November 24, 2016 23:16

Put the suitcase back in the loft.

Of course I understand why you got it out, if not physically, at least mentally. This week, I heard a guy in Sarcelles in France talking on the radio about the destruction of a Jewish funeral parlour and the torching of Jewish businesses.

I hardly had time to think how frightening and different things were in the land of Dieudonné, where new minorities now hate the old ones, before a Manchester rabbi comes on the BBC and tells listeners that enough is happening around him — what with demonstrations outside shops selling Israeli products, that he believes that there is no future for Jews in Britain.

In Britain! No one gets to read the two main volumes of the diaries of Victor Klemperer, the Dresden Jew who somehow survived the Third Reich, without the same thought recurring again and again: Why did you stay? Why did you stay after storm-troopers marched through the streets singing their happy “When Jewish blood flows from the knife” Lied?

Why did you remain after Hitler came to power? What made you persist through the boycotts of Jewish shops and muddle through the gradual, one-by-one restrictions on Jews having jobs, going to school, marrying and trading?
After the pogrom of Kristallnacht, how could you not have tried at least to get out? Many of your friends sold up, took the loss and moved. What on earth were you hoping for?

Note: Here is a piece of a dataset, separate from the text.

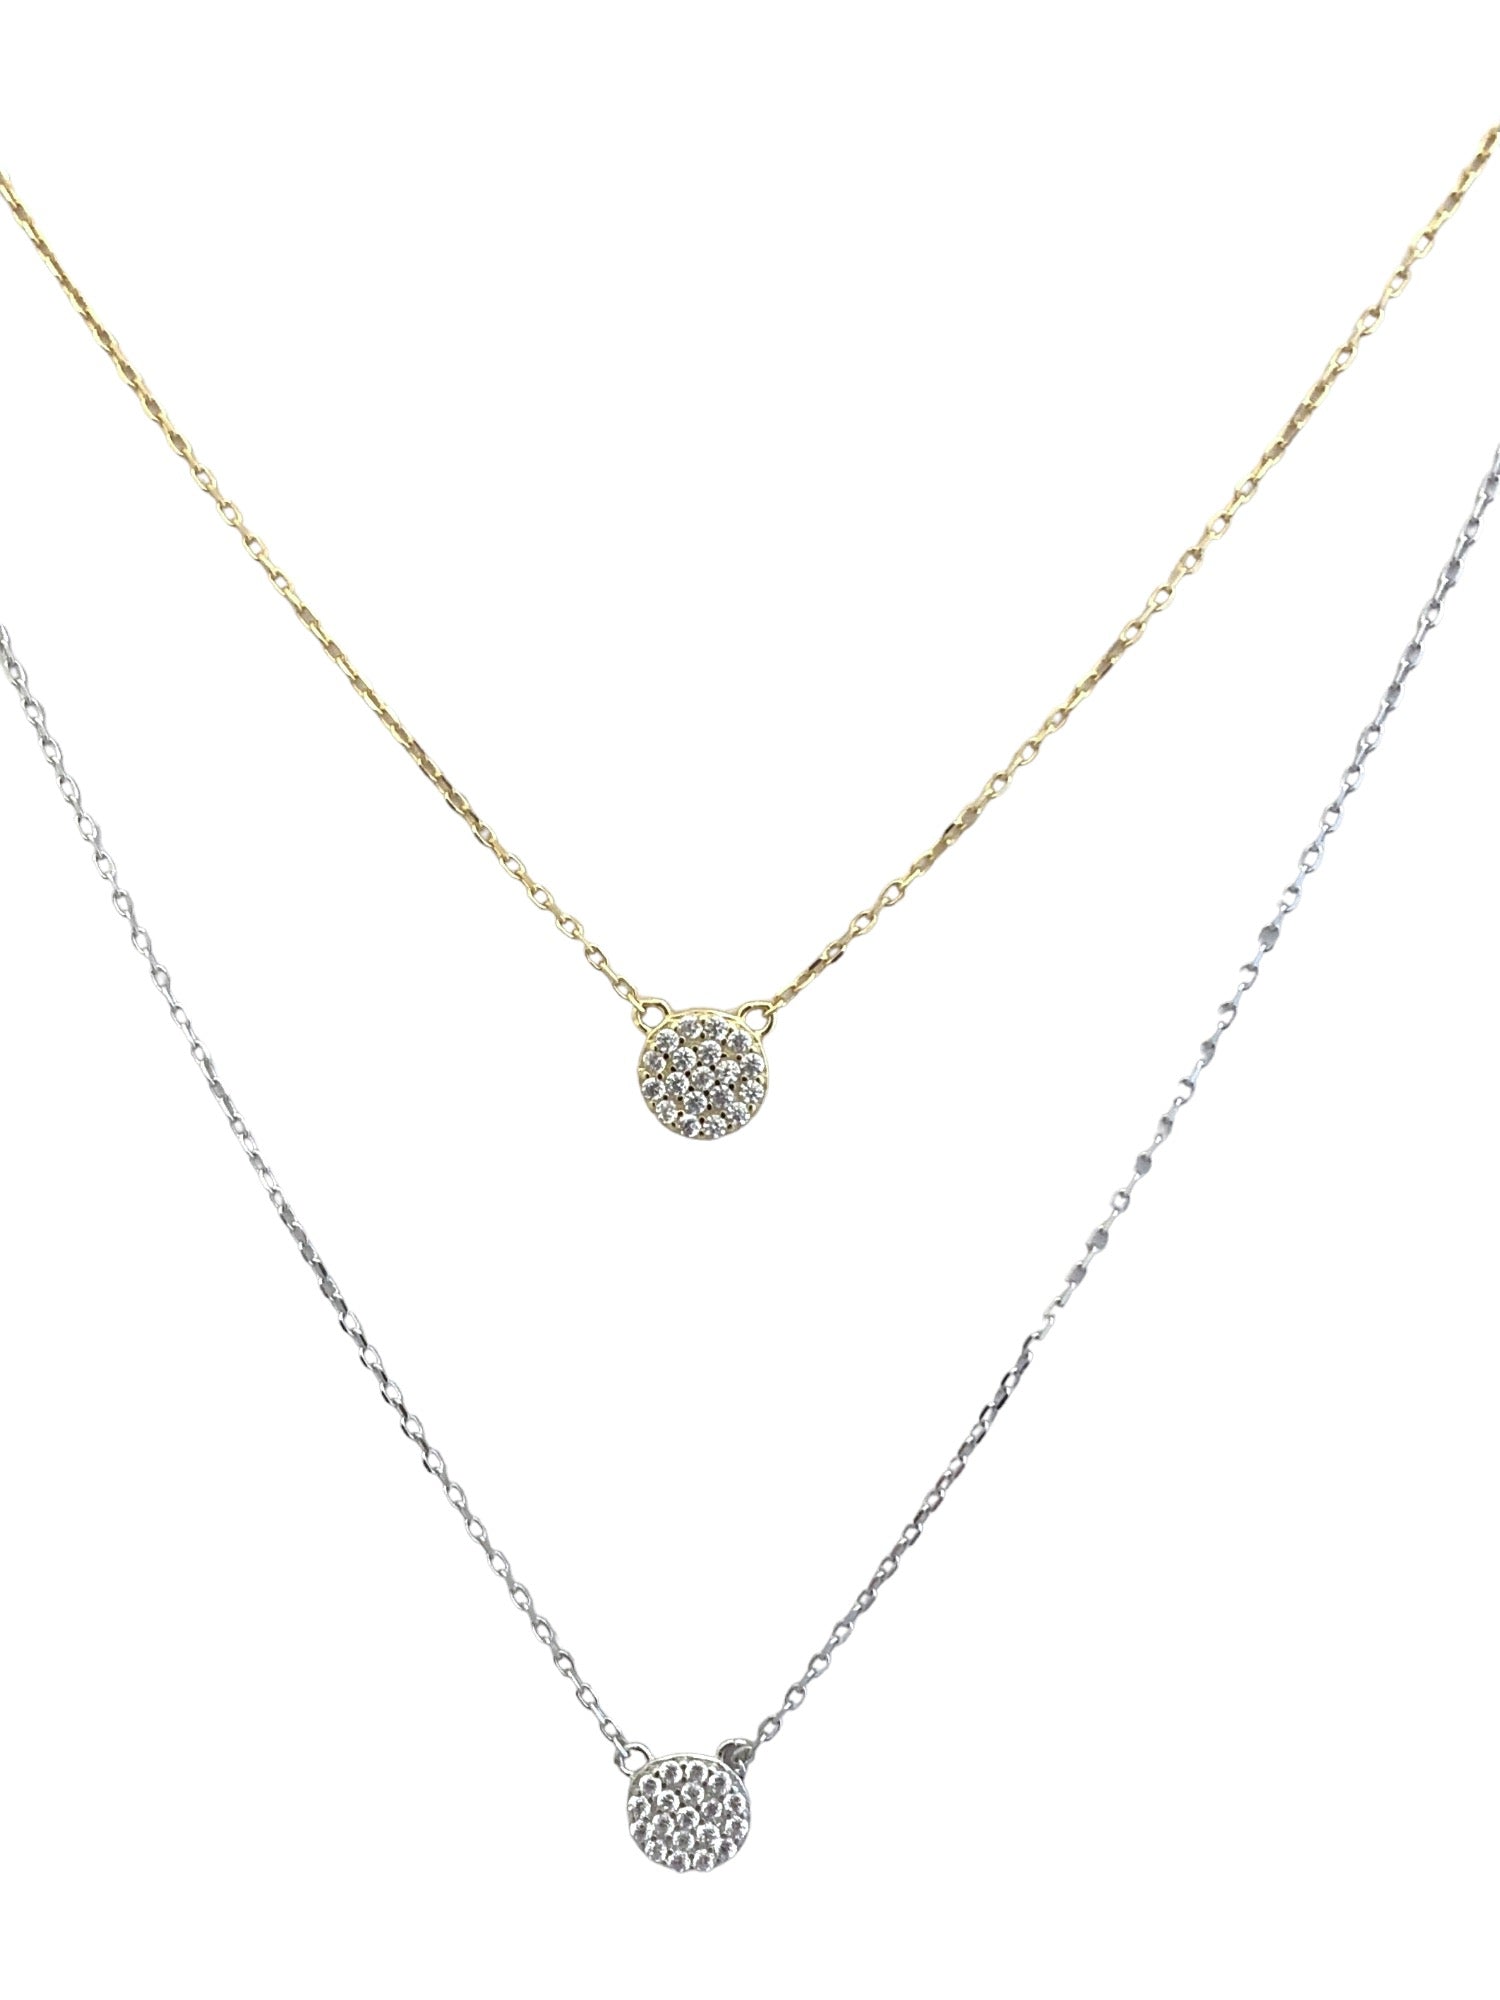 Delicate CZ Circle Necklace in Gold or Silver
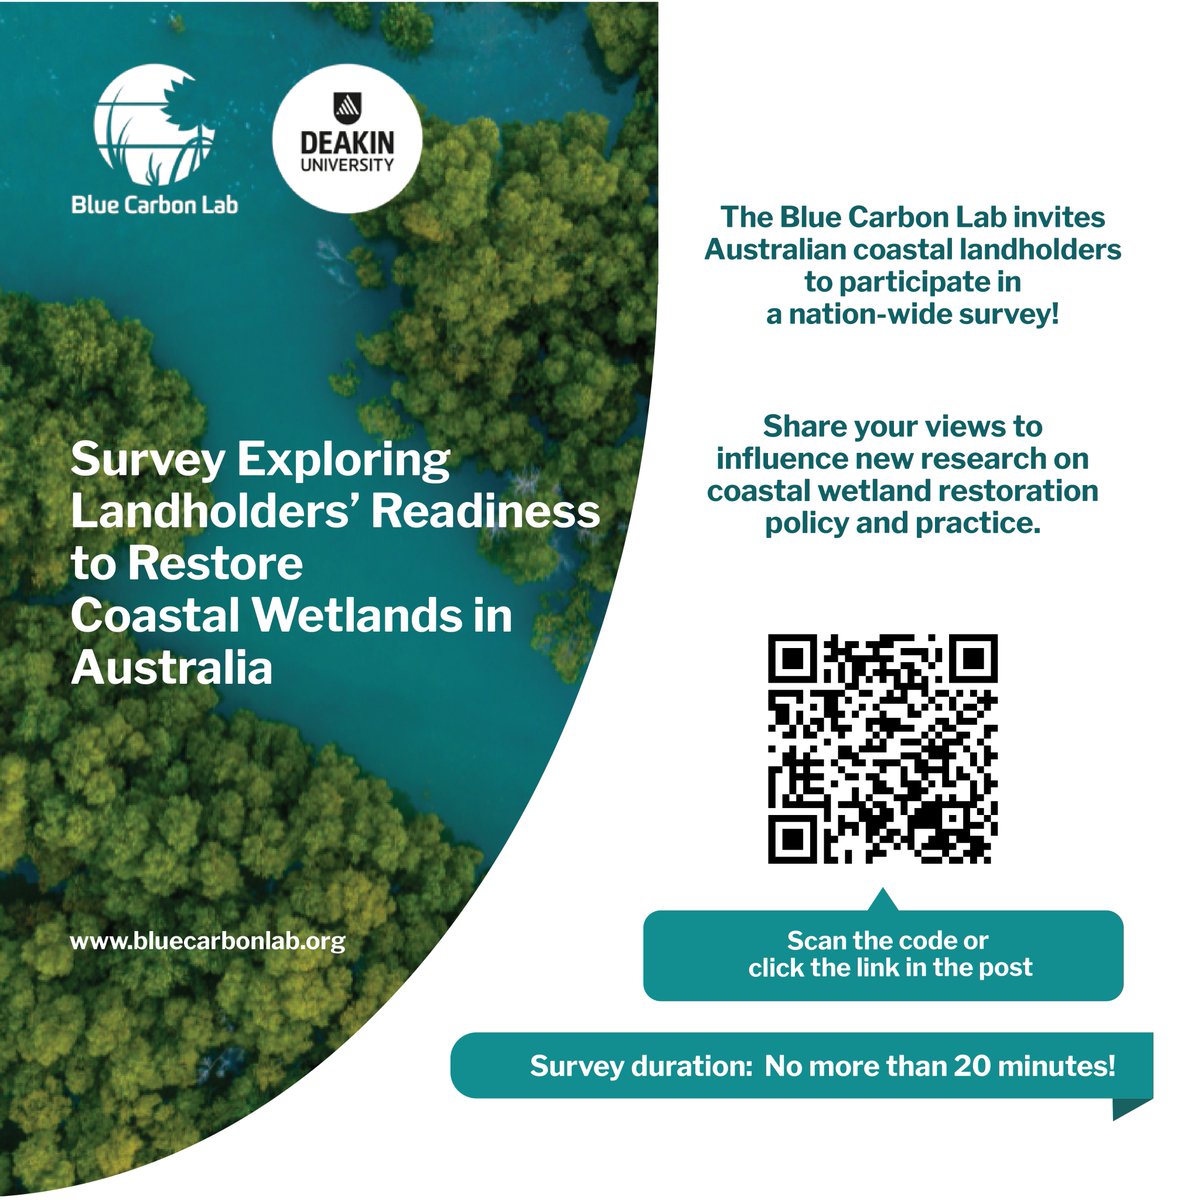 🌊 Calling all Australian Coastal Landholders! Join @BlueCarbonLab's nationwide survey to understand landholders’ readiness to restore coastal wetlands. Your insights matter and can influence policy & practice to enhance restoration efforts! Contribute: researchsurveys.deakin.edu.au/jfe/form/SV_9L…

And then the door closed and the rest was hiding or dying. And we know now what Klemperer didn’t believe then. And, as a consequence, we would never be caught like that, would we? Because, if things got really bad there’s always Israel. Or America. Or — my personal favourite — Australia (and then last week drunken teens spotting Jewish kids on a bus in a Sydney suburb gave them the “kill the Jews”, “free Palestine” and “Heil Hitler” treatment).

So, when we begin to have the odd Hitler placard at Gaza demos, when a synagogue is attacked with bricks, when a theatre manages not to have a Jewish film festival, when a car slows down on an evening street and young men shout obscenities at Jews, when a former head of the diplomatic service stands up in the Lords and blames antisemitism on Israel, when the dunces’ chorus of fashionable outrage manages to repeat almost every old “Jewish lobby” trope (but repackaged for the moment) — when we have all this, shouldn’t we go upstairs and check the state of that old trunk?

No. First, never confuse a fashion with a hatred. There are people — some old Nazis, a few retired diplomats and bitter Arabists, and too large a section of Muslim opinion — who don’t care for Jews and think that we’re a bad lot.

But, most Britons, as measured by all polls, believe Jews are OK. The younger generation, a tolerant lot, would sooner have their mobile phones confiscated than beat someone up because of their race or religion.
Second, however sensitive one might be to the odd Tonge and Galloway, the political classes have set their faces against Jew-hatred. If and when that begins to change (and I don’t think it will) I’ll be the first at the luggage department at John Lewis.

Third, Jews are going to fight this one. They have been too quiet and too separate up till now. They have gone around kvetching to each other, and otherwise hiding behind the guards at Jewish schools, shuls and community centres.

Jewish lobby? Great idea, when does it start? When do Jews begin to get themselves kippah-ed up and sitting in the audience at Question Time? I reckon now might be a good time, don’t you?